Le total des ressources pour le financement des OPEX s'est donc établi à 680 millions d'euros.

A. UN DÉPASSEMENT DE LA PROVISION CAUSÉ PAR LE DÉCLENCHEMENT DE L'OPÉRATION SERVAL AU MALI

Le montant des surcoûts OPEX pour 2013 s'est élevé à 1,250 milliard d'euros, y compris les coûts de l'opération Serval au Mali déclenchée en janvier 2013 et de l'opération Sangaris en Centrafrique, engagée en décembre 2013. Il est comparable à celui de 2011 (1,246 milliard d'euros) qui intégrait le surcoût de l'opération Harmattan en Libye.

En revanche, hors Serval et Sangaris, dont les dépenses représentent respectivement 650 millions d'euros et 27 millions d'euros, soit plus de la moitié du montant global, les surcoûts des autres OPEX (573 millions d'euros) sont en diminution par rapport à ceux constatés les années antérieures sur un périmètre équivalent (entre 850 et 900 millions d'euros depuis 2009) et sont même pour la première fois légèrement inférieurs à la provision ouverte en loi de finances initiale pour 2013.

Il n'y a donc pas à proprement parler de « dérapage » des surcoûts OPEX en 2013, lesquels reflètent deux décisions majeures du Président de la République prises en 2012 et 2013 : le désengagement anticipé d'Afghanistan et le déclenchement d'une opération aéroterrestre de grande envergure (Serval).

L'appréciation portée par vos rapporteurs spéciaux dans leur rapport sur le projet de loi de finances initiale pour 2013 est ainsi confirmée : « Le montant des OPEX inscrit dans le projet de loi de finances pour 2013 (soit 630 millions d'euros), inchangé depuis 2011, pourrait [...] conduire à une meilleure budgétisation du coût total au stade de la loi de finances initialeCette prévision dépend toutefois naturellement de la conjoncture internationale, qui pourrait conduire notre pays à s'engager dans de nouvelles OPEX, comme au Mali. »

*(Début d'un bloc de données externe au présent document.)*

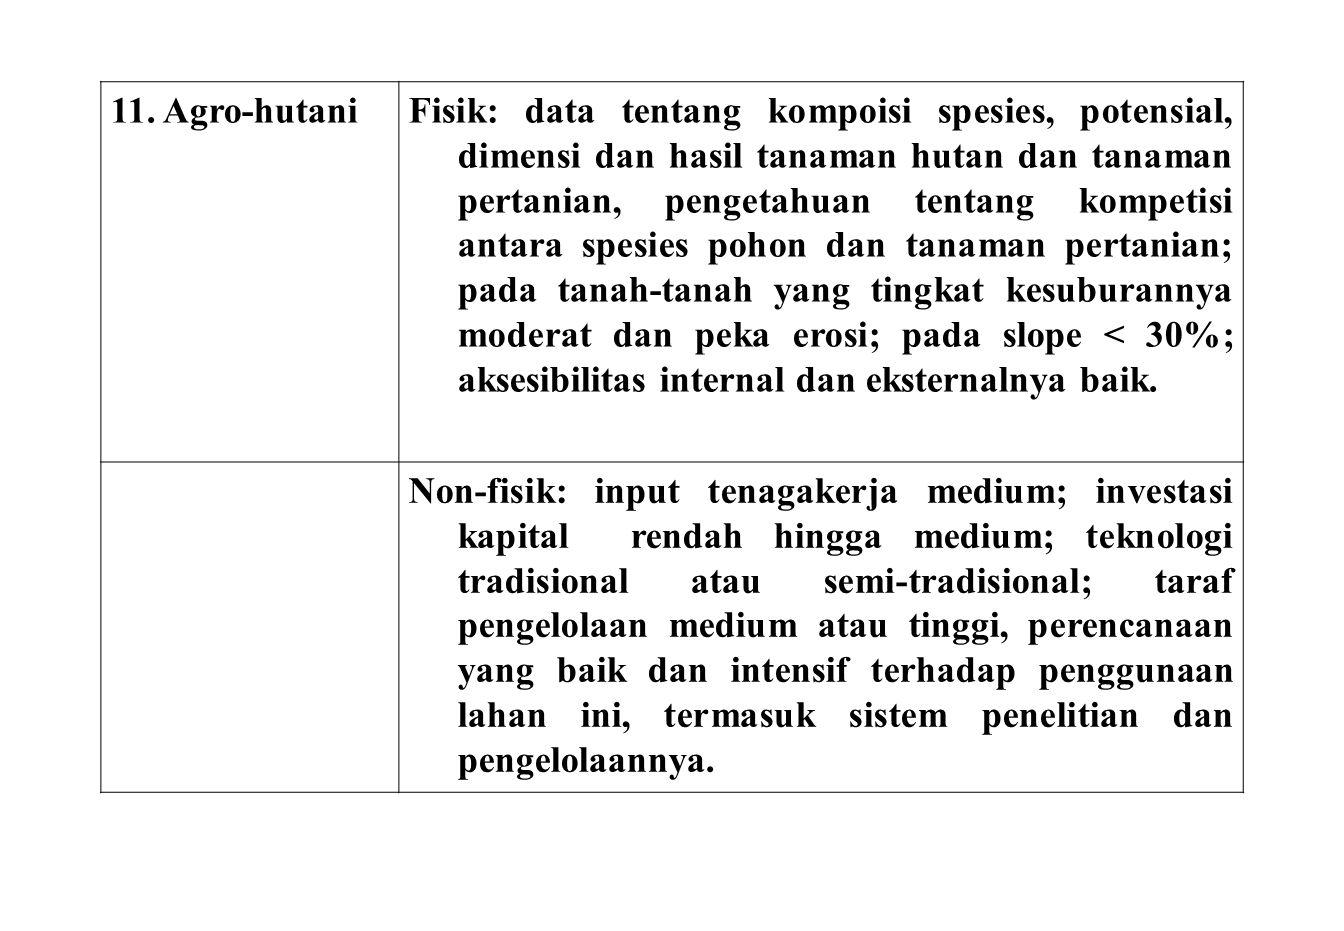 11. Agro-hutani
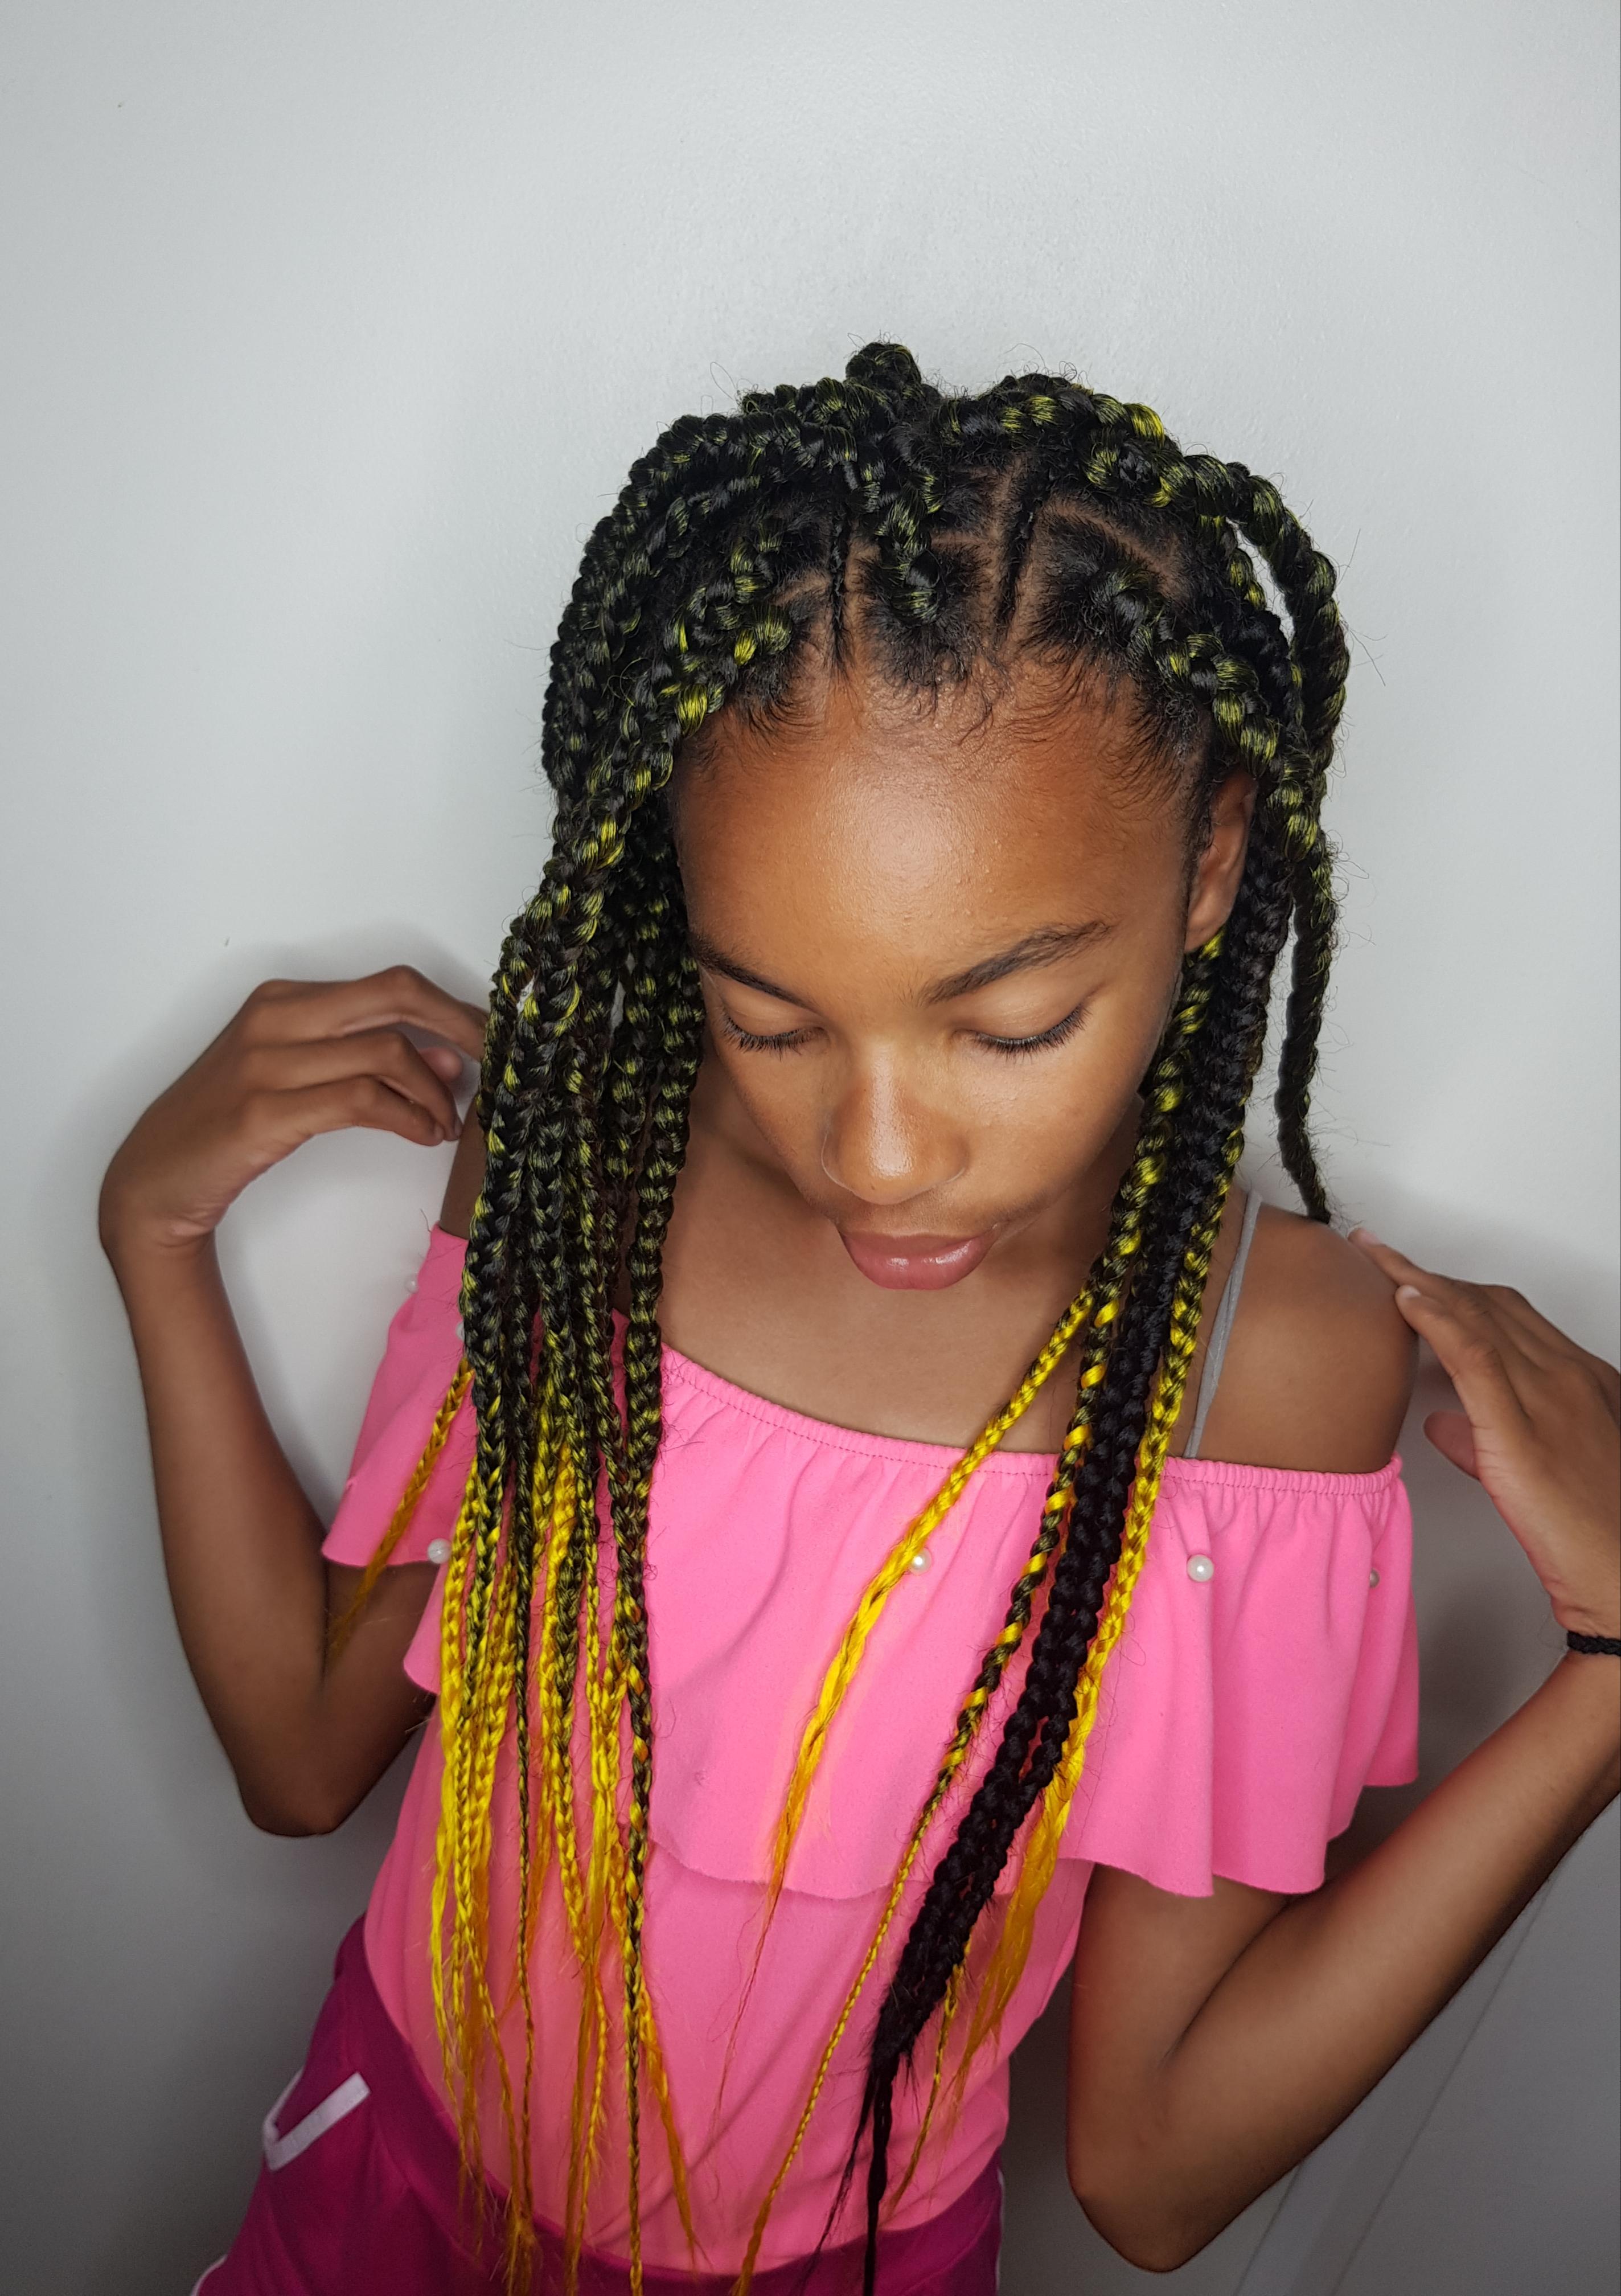 salon de coiffure afro tresse tresses box braids crochet braids vanilles tissages paris 75 77 78 91 92 93 94 95 WBJLUNDF

Pour autant, vos rapporteurs spéciaux réaffirment la nécessité d'apprécier de manière la plus réaliste possible la dotation OPEX, qui a systématiquement été dépassée ces dernières années.

Le montant prévu dans la dernière LPM et en loi de finances initiale pour 2014, soit 450 millions d'euros, s'inscrit à un niveau très inférieur à la fois à la prévision et à l'exécution 2013.

Selon les indications du ministère de la défense, la baisse de la provision devait en réalité correspondre à une amélioration de la couverture du surcoût. En effet, l'achèvement du retrait d'Afghanistan, la réduction des effectifs déployés au Mali dans le cadre de l'opération Serval et les économies réalisées grâce à l'adaptation du dispositif prépositionné étaient censés permettent d'anticiper une réduction importante des dépenses liées aux OPEX, hors nouveau théâtre d'opération.

Or un nouveau théâtre a été ouvert en Centrafrique et la réduction des effectifs au Mali, pour être réelle, marque le pas compte tenu du regain d'activité des groupes terroristes dans le nord du pays. Il est donc plus que probable que la provision prévue pour l'exercice 2014 se révèle très insuffisante.


* 54 PAP 2014 de la mission « Défense ».